• Instructions to follow: The data below should be printed in full, exactly, and without any of its images.

Segment Start: Source data

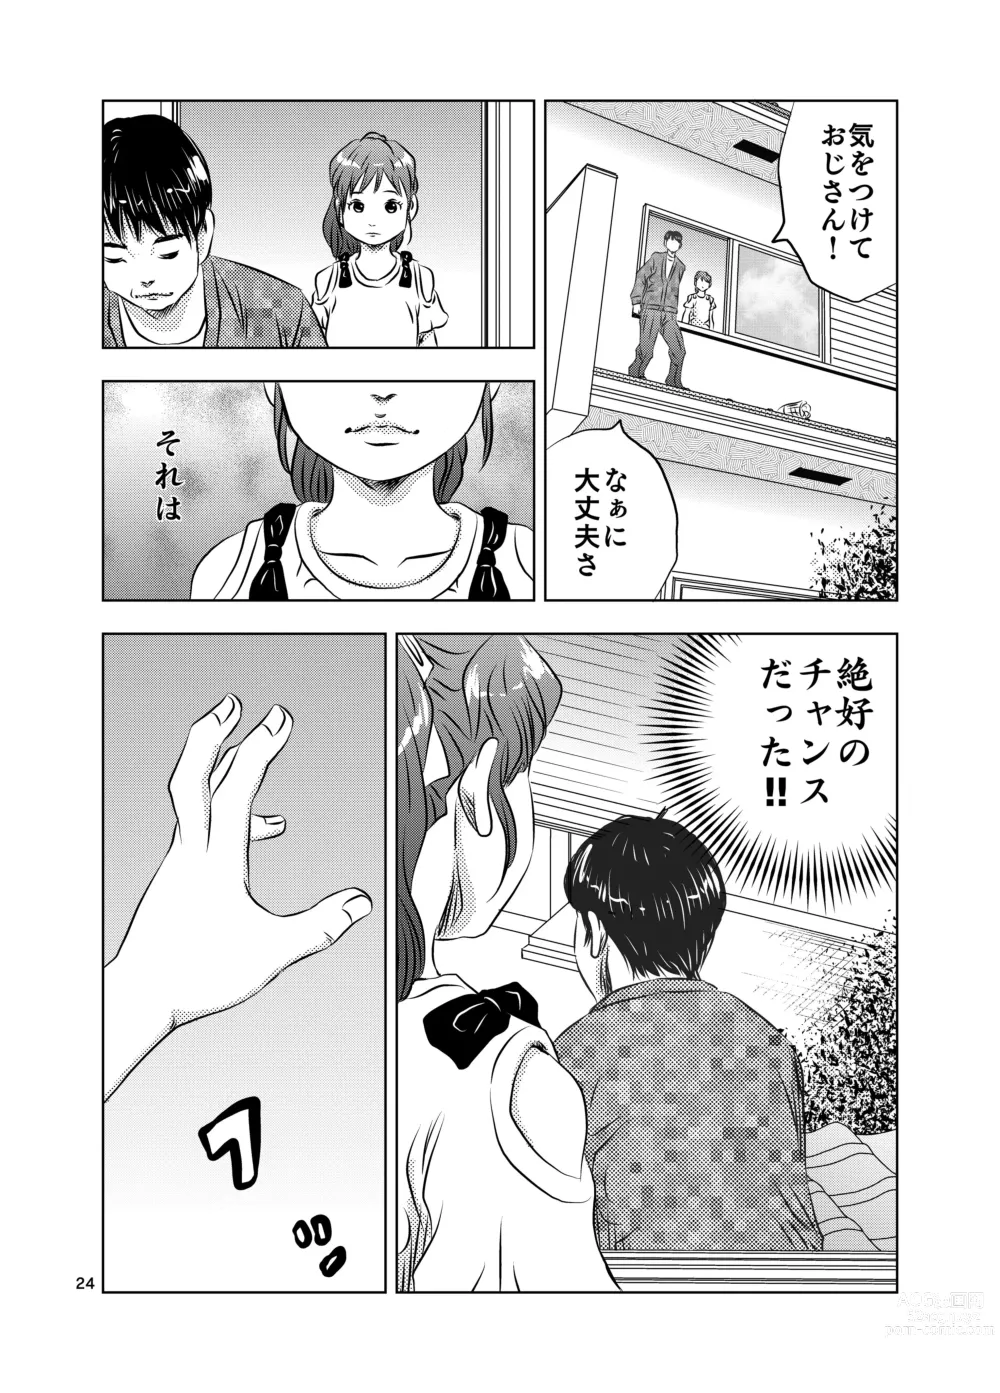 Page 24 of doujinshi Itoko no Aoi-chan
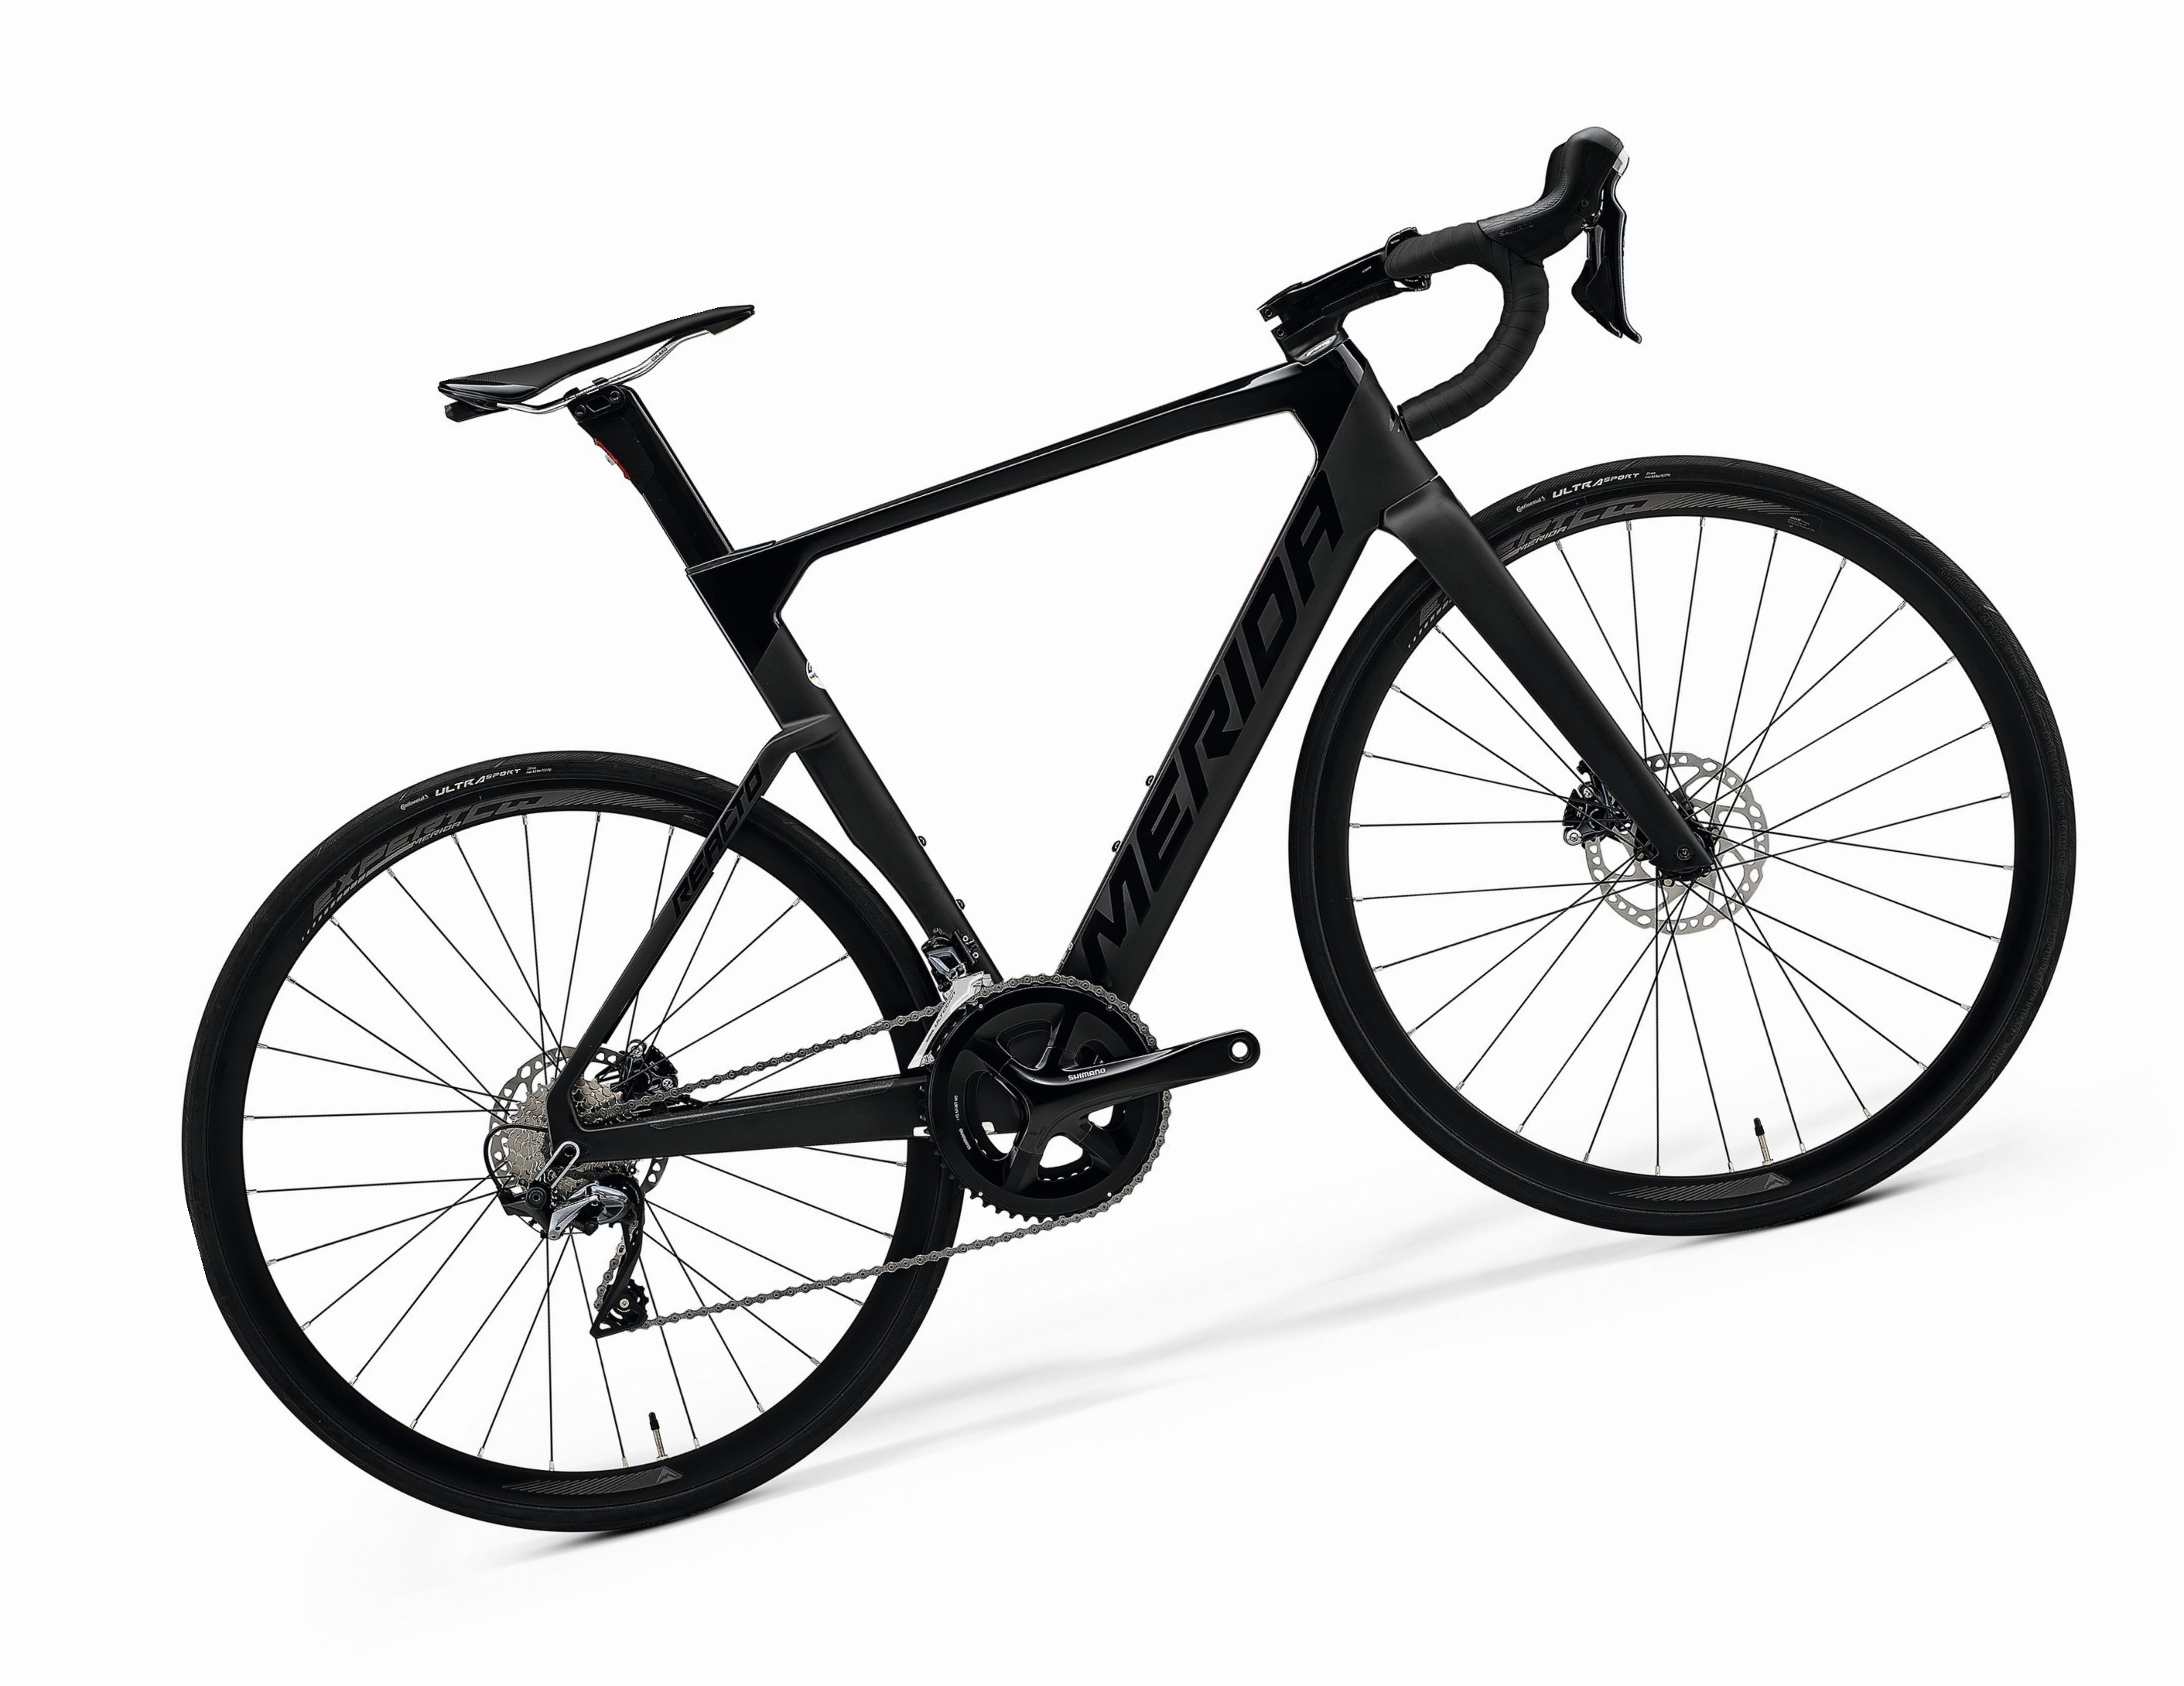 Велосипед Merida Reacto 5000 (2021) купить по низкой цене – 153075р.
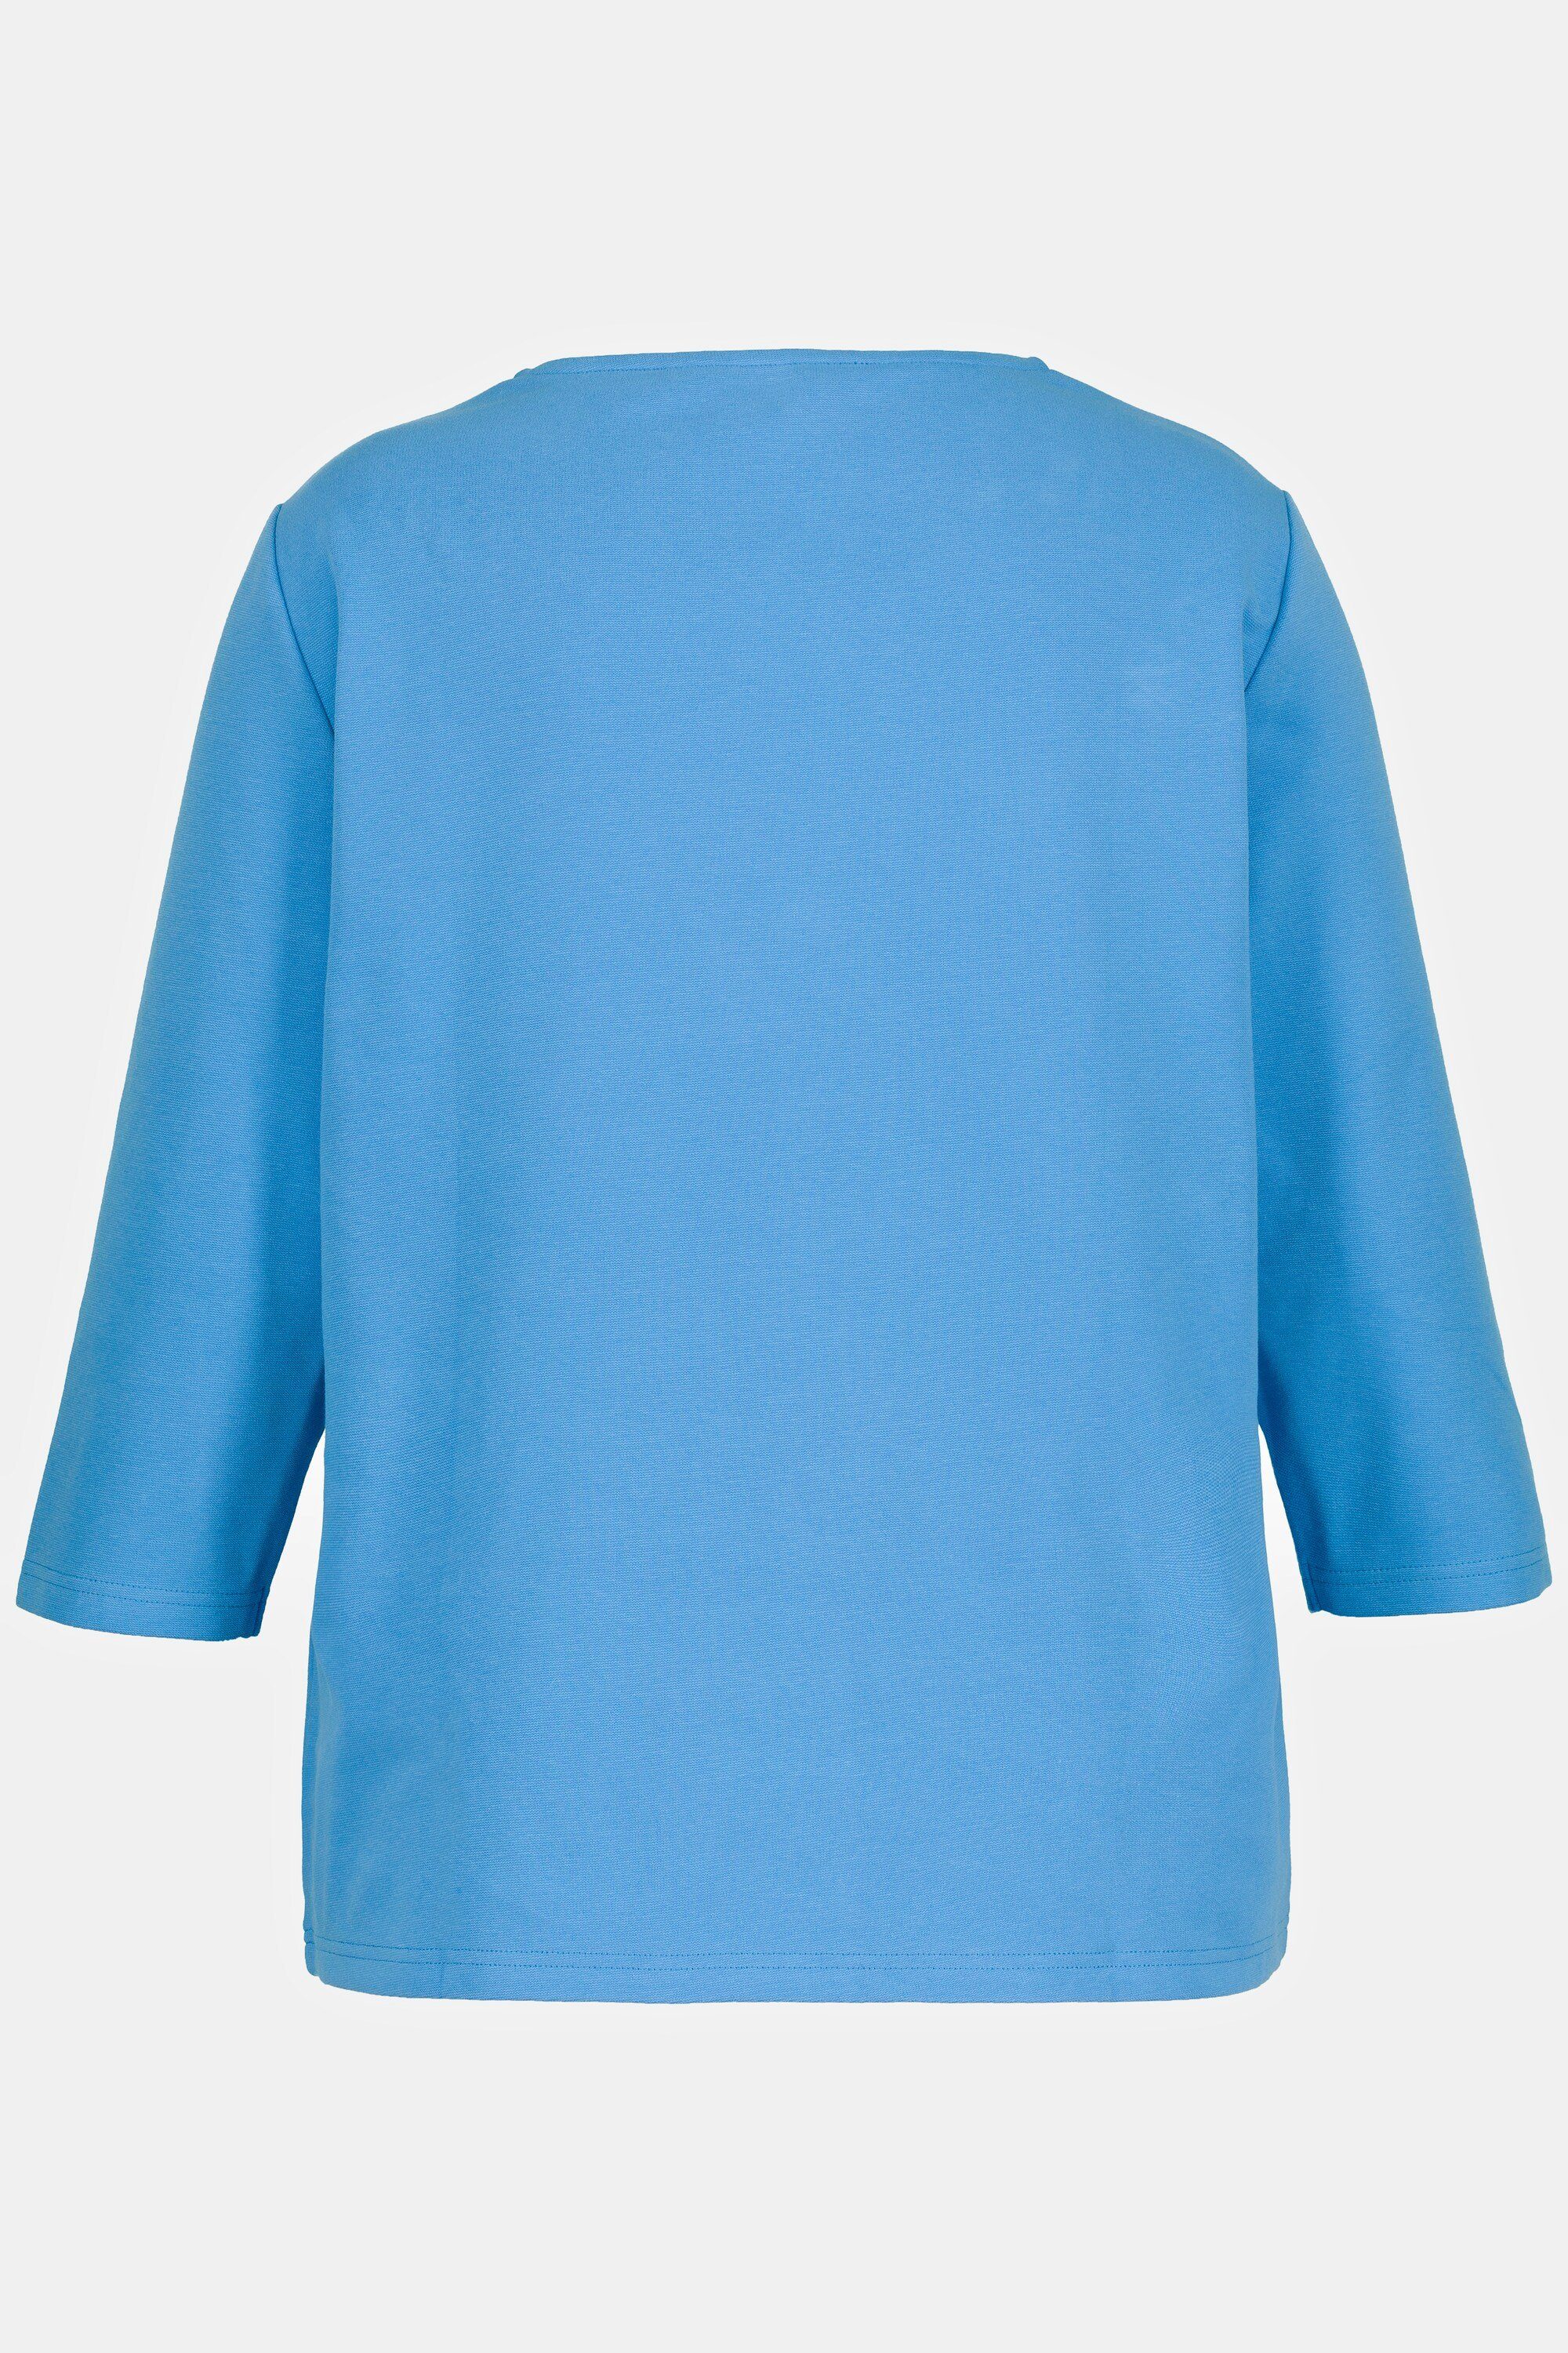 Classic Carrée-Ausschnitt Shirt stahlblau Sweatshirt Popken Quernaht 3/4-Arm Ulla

Segment End: Source data

• Exercise solution:
 Page 24 of doujinshi Itoko no Aoi-chan
 Велосипед Merida Reacto 5000 (2021) купить по низкой цене – 153075р.
 Classic Carrée-Ausschnitt Shirt stahlblau Sweatshirt Popken Quernaht 3/4-Arm Ulla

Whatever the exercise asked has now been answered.